1
votes

Trying to measure performance on two small sets of data in order to determine an efficient execution method for a much larger pair of data sets.

*This test is being done on a dataset with 32 observations and a dataset with 37 observations.

Both methods give me identical results, slightly different process times. I have a simple data step :

data check;
merge d1(in=a) d2(in=b);
by ssn;
if a=0 and b=1;
run;

The Data Step method (1st execution) log produced the following -

NOTE: There were 32 observations read from the data set WORK.D1.
NOTE: There were 37 observations read from the data set WORK.D2.
NOTE: The data set WORK.CHECK has 5 observations and 1 variables.
NOTE: DATA statement used (Total process time):
      real time           0.01 seconds
      cpu time            0.01 seconds

The Proc SQL method (not exists query in our specific case) is below-

proc sql;
create table chck2 as
select b.* from d2 b
where not exists (select a.* from d1 a
                  where a.ssn=b.ssn)
;
quit;

The sql proc prints the following in the log -

NOTE: PROCEDURE SQL used (Total process time):
      real time           0.04 seconds
      cpu time            0.03 seconds

These methods both yield the same results, creating my final data set of the same 5 individuals. While the data step processing seems faster (even if only by fraction of a second), will these performance results ALWAYS hold true? Will the Data step method ALWAYS win? What are the key influencing factors here? Do listing the table in a certain order play a role, or would SAS scan both tables simultaneously?
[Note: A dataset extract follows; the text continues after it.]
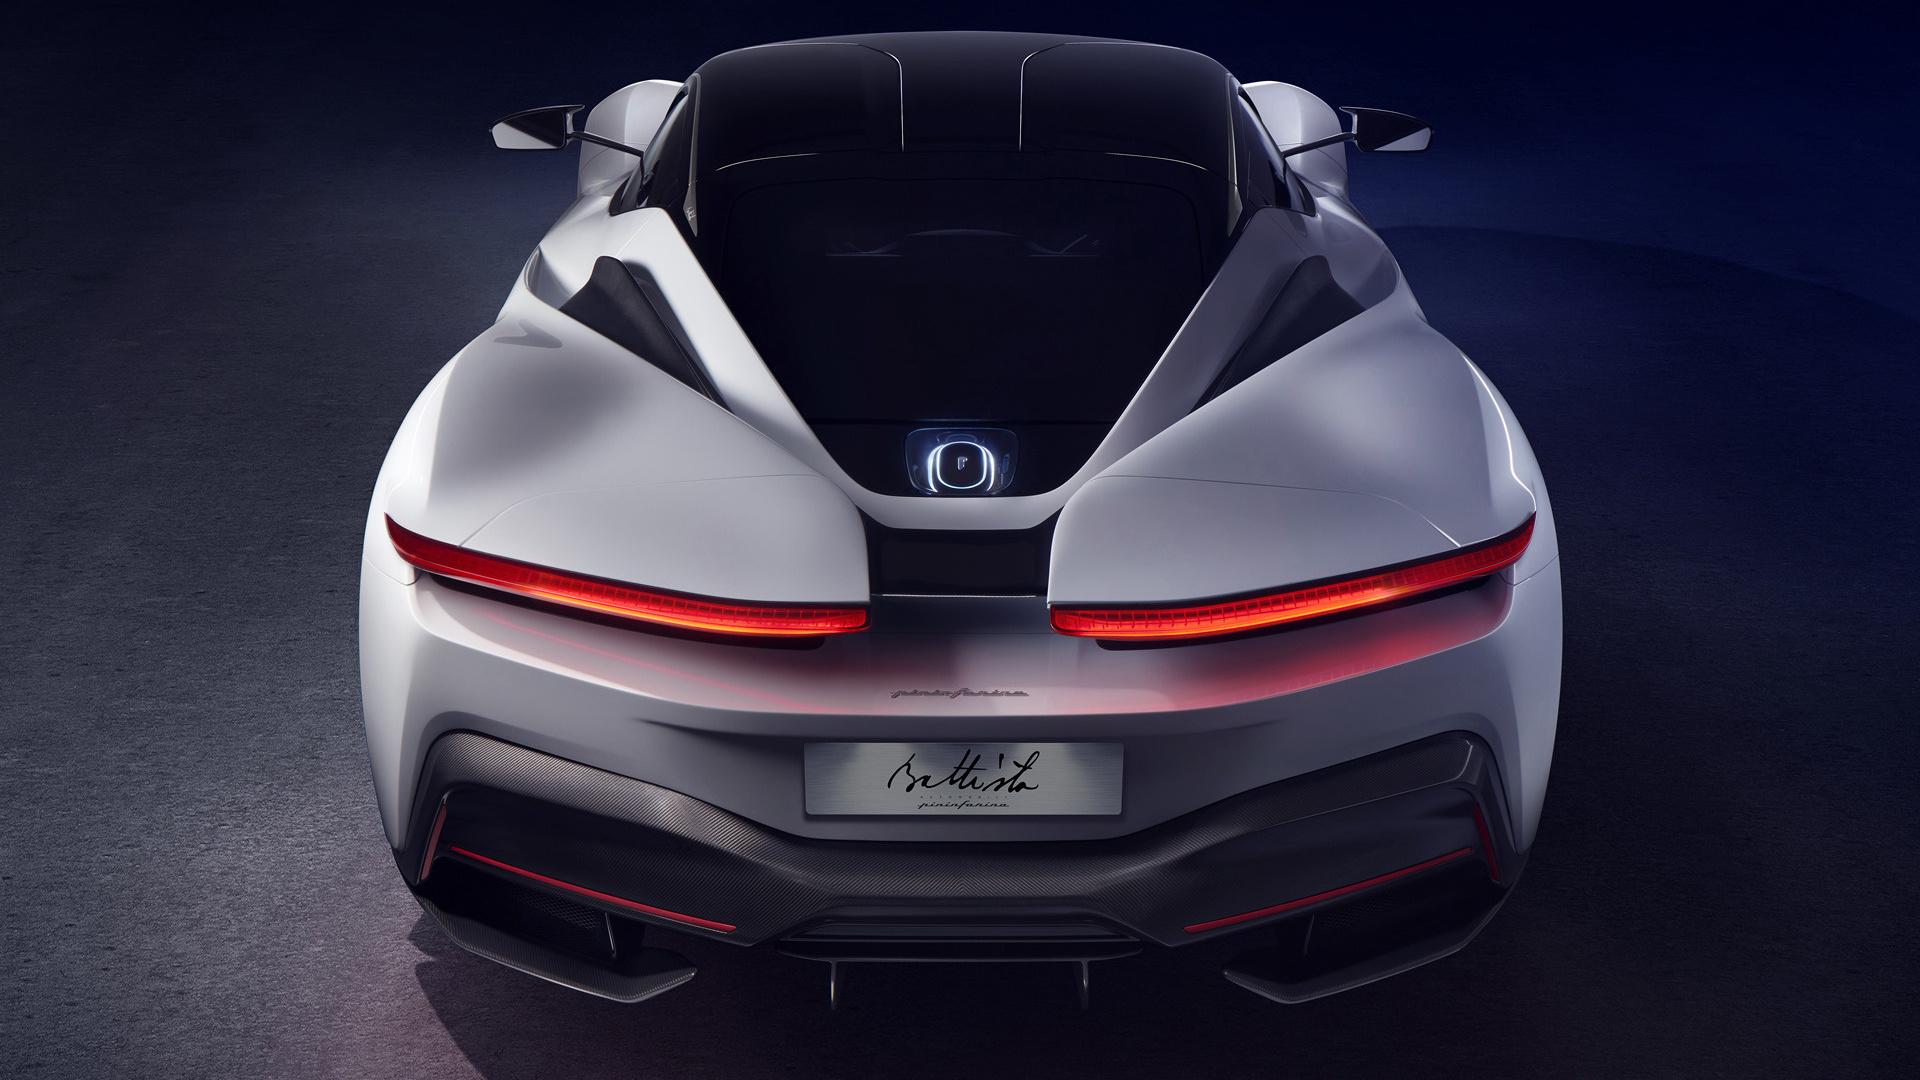 2020 Pininfarina Battista - Wallpapers and HD Images | Car ...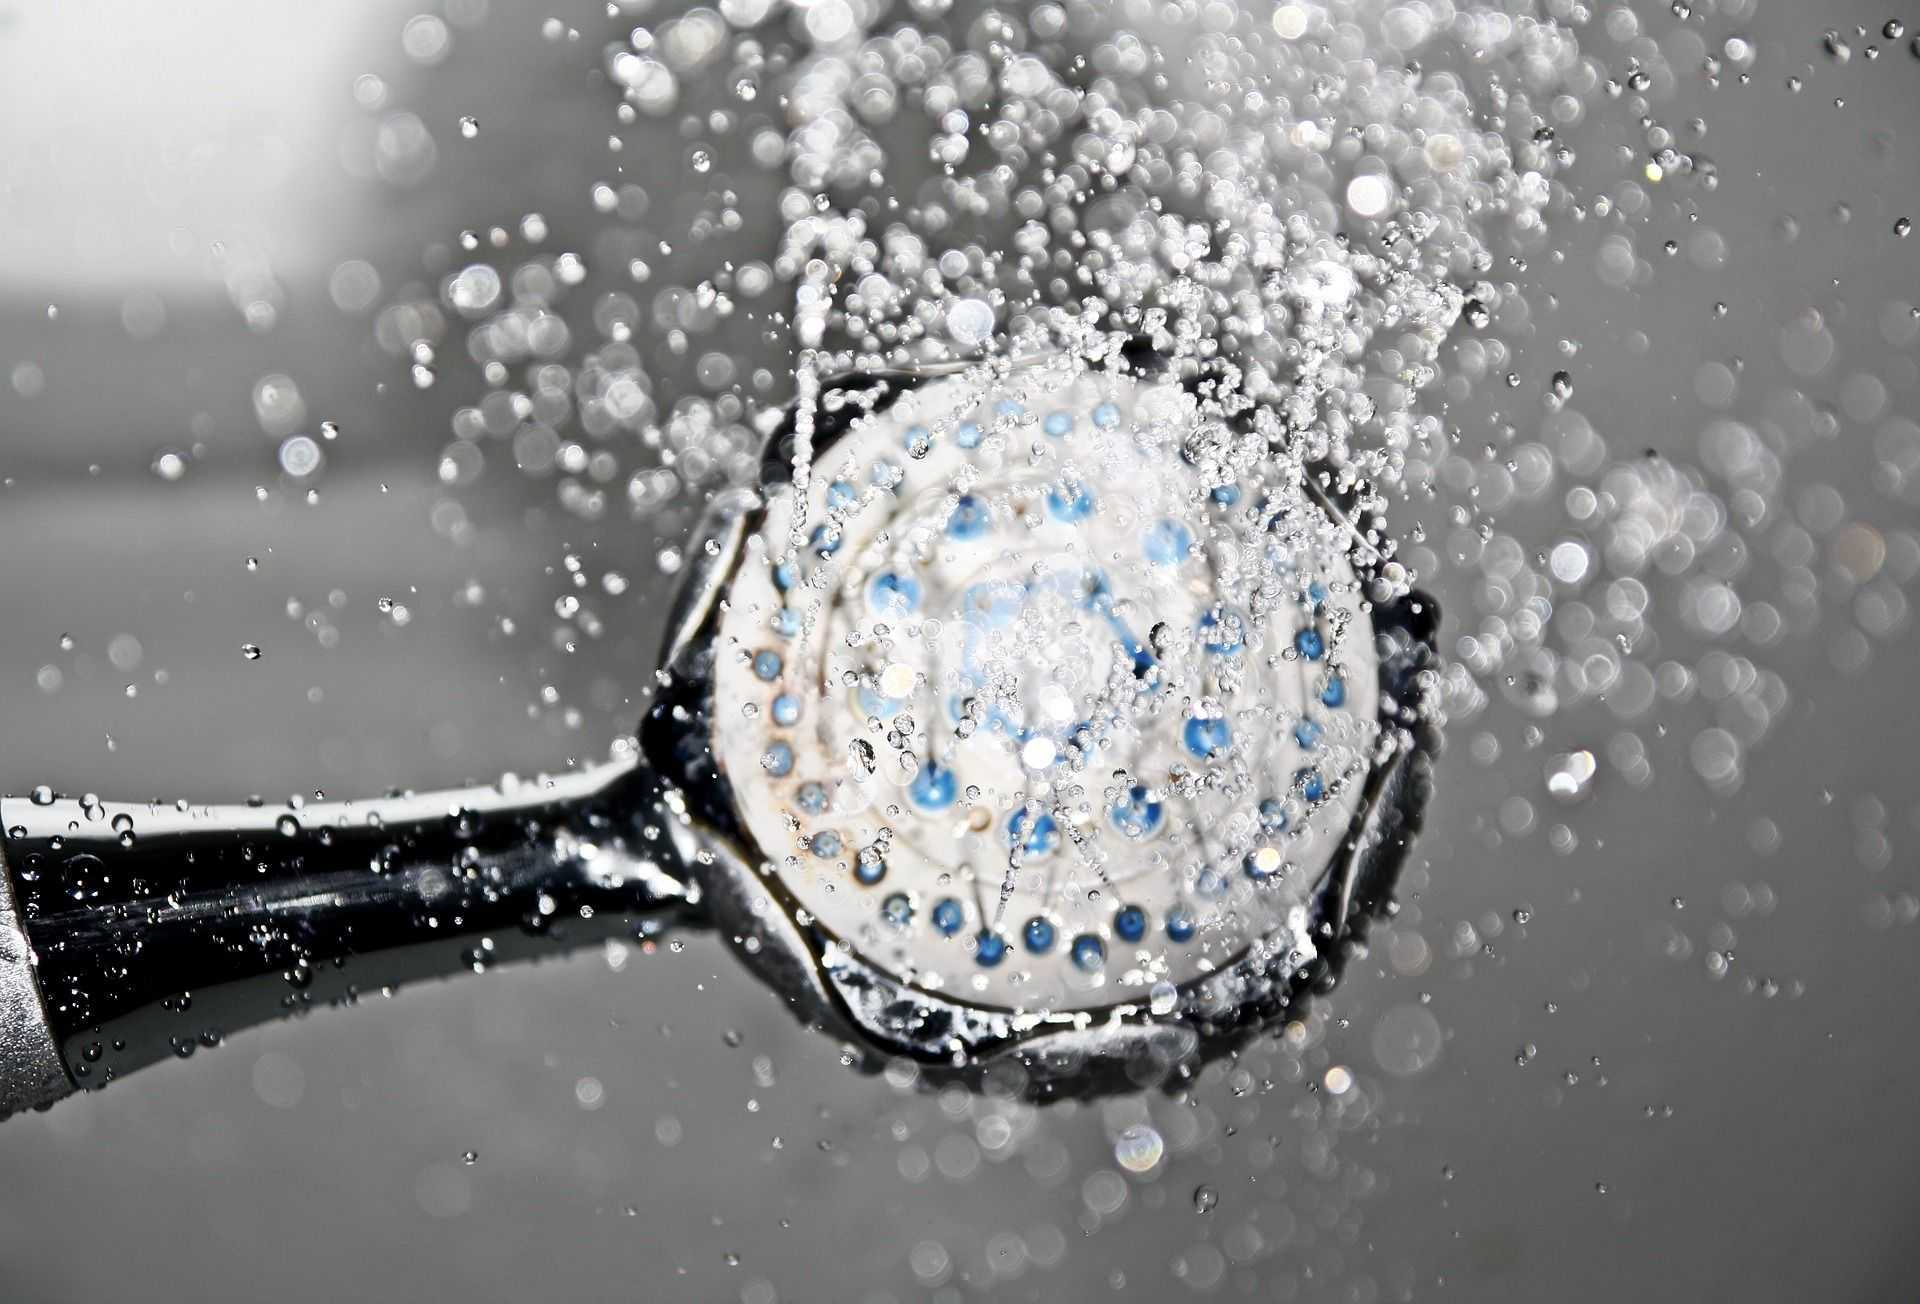 sprcha kapky vody

FYI - I mentioned (1st execution) because I noticed from the experiment above, and general exposure, that if you process data steps subsequently, SAS will process subsequent steps faster than the original execution. Assuming this has something to do with SAS having memory on previously executed steps...?

1

1 Answers

2
votes

You'll never find meaningful performance evaluations from small datasets. Overhead will inevitably whammy any sort of actual performance difference. PROC SQL has a bit of overhead involved in invoking the procedure (a few hundredths of a second), which is more than the total execution time. Run your test with large enough datasets that it takes minutes to run - usually that's the right balance between tests taking too long and legit differences being squashed by overhead/randomness.

As far as what would be faster: If the dataset is sorted, and SAS knows it's sorted, then the odds are very good that both processes will be in the same magnitude of time. Data step merge is quite fast, as is SQL merge.

If it's not sorted, SQL might (would probably) choose to turn the where-exists into a hash join, which would be much faster than sorting a large dataset. Of course that requires the dataset to fit into memory. Sorting and then merging in the data step might be the same as SQL, or it might be slower - or even faster, though I suspect usually not much faster if it requires sorting first. There are faster solutions in the data step than sort/merge if that's needed (hash or format).

As far as what the order on the PROC SQL statement is; odds are it won't matter, if SQL can figure out what you're doing and optimize it. However, it may because SQL may not easily see the optimal path, so one order (usually the large dataset as the main one and the smaller dataset as the subquery) may help SQL figure out the right approach more easily than the other.

And - the reason SAS has a faster time doing a second or later run is that your OS (or possibly your file system) is caching the read, so it doesn't have to re-read the SET file from disk.